Taxation was high on the agenda at Almedalen today. In the comments below, I have summarised the highlights of a few of the seminars I had the opportunity to attend. FAR served as moderator for an exciting discussion which, now and then, became quite heated. The theme was whether tax planning can be seen to be of benefit to society. The panel, with the Tax Agency, legislators and the business community represented, appeared to agree that the right amount of tax should be paid –neither too much nor too little, and that complex, unclear tax rules do not make it easy for companies to pay the correct amount of tax.
Concepts, such as the rule of law, predictability and transparency, united the panel participants, as well as the premise that there is a responsiblity on behalf of both companies and legislators and the Tax Agency to work towards a correct handling of taxation. Paying an excessive amount of tax was portrayed as a competitive disadvantage for business operations where a yield on capital is a requirement.
The term ”tax planning”
What does the term ”tax planning” actually mean? The term is negatively charged for some people and positively charged for others. The planning of corporate operations is, in itself, nothing to be surprised about, and neither the preparation of a company or group to be able to handle tax issues in a well-thought through and positive manner. According to the Tax Agency’s definition, tax planning implies that the company keeps within the framework of the law, while a so-called tax arrangement implies not being able to foresee, in advance, the outcome of a trial of a given tax issue in the courts.
Swedish tax legislation
It was noted that there is a large grey zone in Swedish tax legislation, not the least due to the fact that the laws are very complex and difficult to interpret. A number of the panel participants maintained that proactive and courageous work with the law is required to simplify the situation for companies so they can avoid mistakes, a premise with which the Tax Agency agreed but the Agency, at the same time, concluded that a simplified tax system is not something that can be achieved in a short frame time.
The Tax Agency emphasised the importance of a tax policy anchored at Board level in larger groups. This is important, amongst other things, to ensure that the Board can execute a conscious determination of how the group’s handling of tax is to impact its sustainability work and, in the long term, its brand.
The same question which had been posed to the panel was also presented to the public -can tax planning be good for society? The replies showed a clear majority towards a ”Yes” to this question, and the moderator concluded the seminar by stating that the public attendees believed that tax planning was not something that was necessarily negative for society, while at the same time there is a requirement of a robust and predictable tax system providing a fair playing field for both companies and between countries.
Transparency in focus
Forum Syd participated in the panel discussion ”Union to Union” where tax avoidance and tax and morals were discussed. Transparency was pointed out as an important tool to counter-act tax avoidance. The panel agreed that this issue must be handled at global level. It is not enough to find solutions within the EU. To achieve sustainable solutions, the developing countries must also take part in these discussions.

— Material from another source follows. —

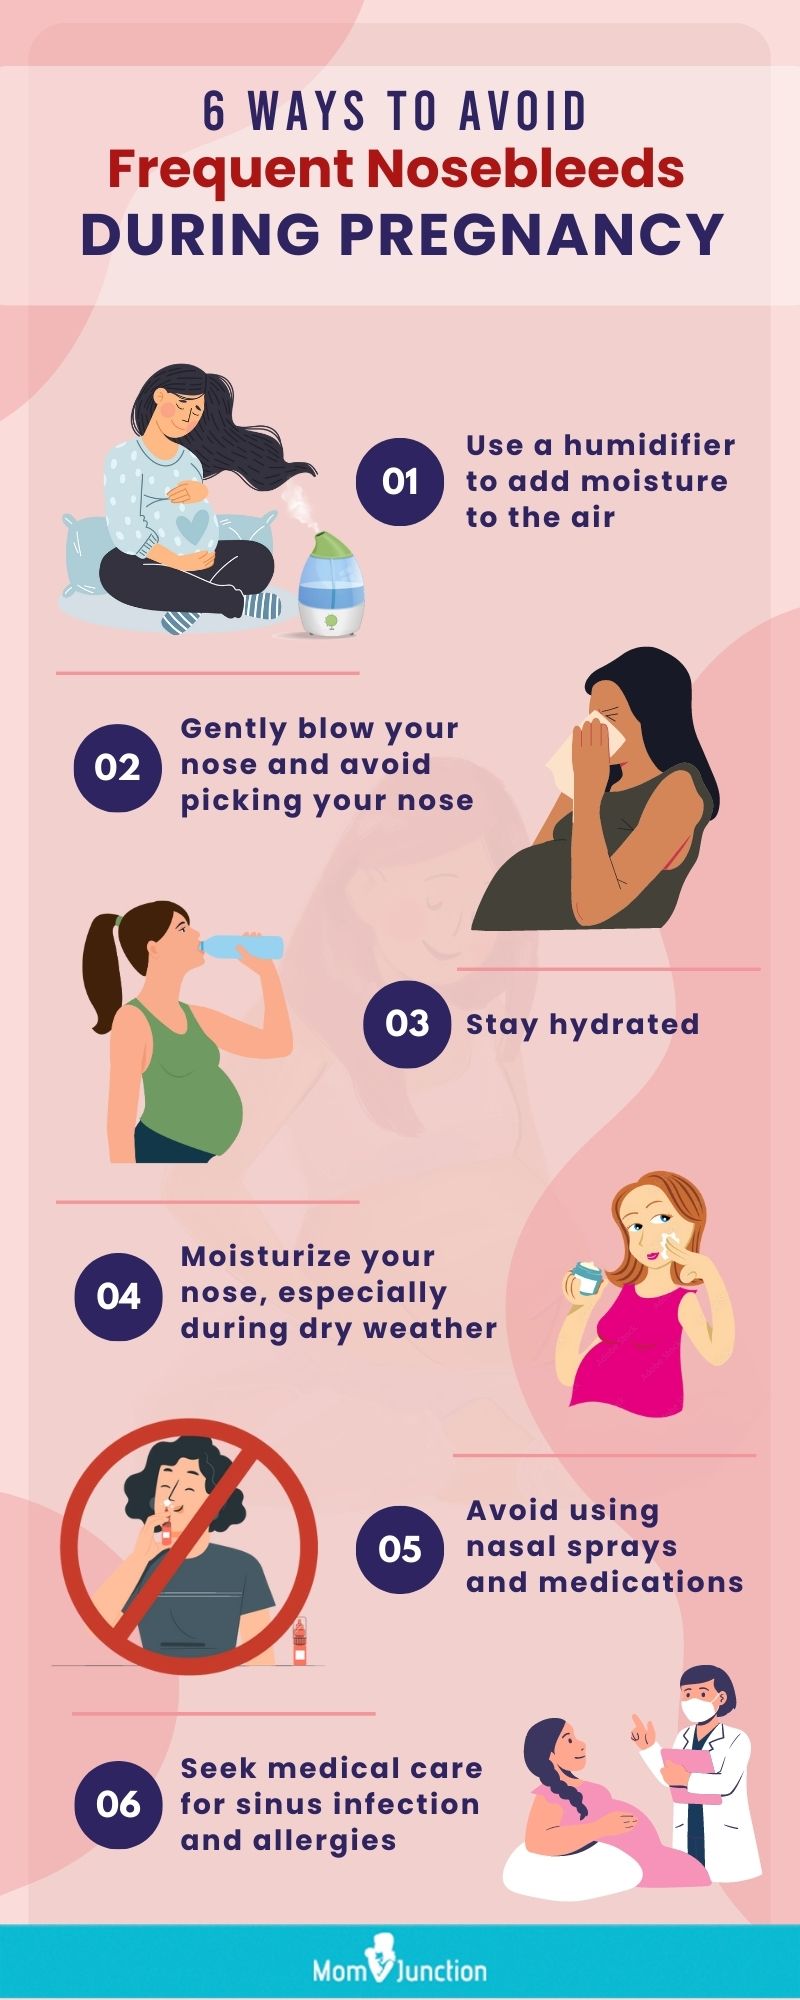 ways to avoid frequent nosebleeds during pregnancy (infographic)

Tax regulations for growth companies
With Sverige Ingenjörer (Idélandet) there was a discussion on how we can ensure that Sweden experiences economic growth, the challenges for newly-started and smaller companies in raising capital, and the tax rules for these companies. The Incentive Committee’s work was commented upon, as well as the 3:12 rules for closely held companies and it was concluded that also, here, tax is experienced as a complex and non-transparent area, not the least by smaller companies in Sweden. The question of what Sweden wants to prioritise came up and the conclusion was that if there is growth in the corporate sector, which is the goal, then the tax system but better support this goal, for example, as regards incentives for business operators and their employees.
Public discussion in the Parliament about BEPS and ATAP
A few weeks prior to Almedalen, the Parliamentary Committee on Taxation and the Parliamentary Committee on Industry and Trade held a joint, public discussion in the Parliament regarding the new international tax rules introduced in the OECD’s BEPS project, and the EU’s ATAP. Both BEPS, which stands for Base Erosion and Profit Shifting, and ATAP, Anti Tax Avoidance Package, aim at minimising the erosion of countries’ tax bases and at the taxation of companies with international operations. This theme has comprised a red thread throughout today’s debates in Almedalen. Participates in the public discussion included Minister of Finance, Magdalena Andersson, The Confederation of Swedish Enterprise’s Head of the Tax Department, Krister Andersson, and Yvonne Bertlin, CFO of AstraZeneca.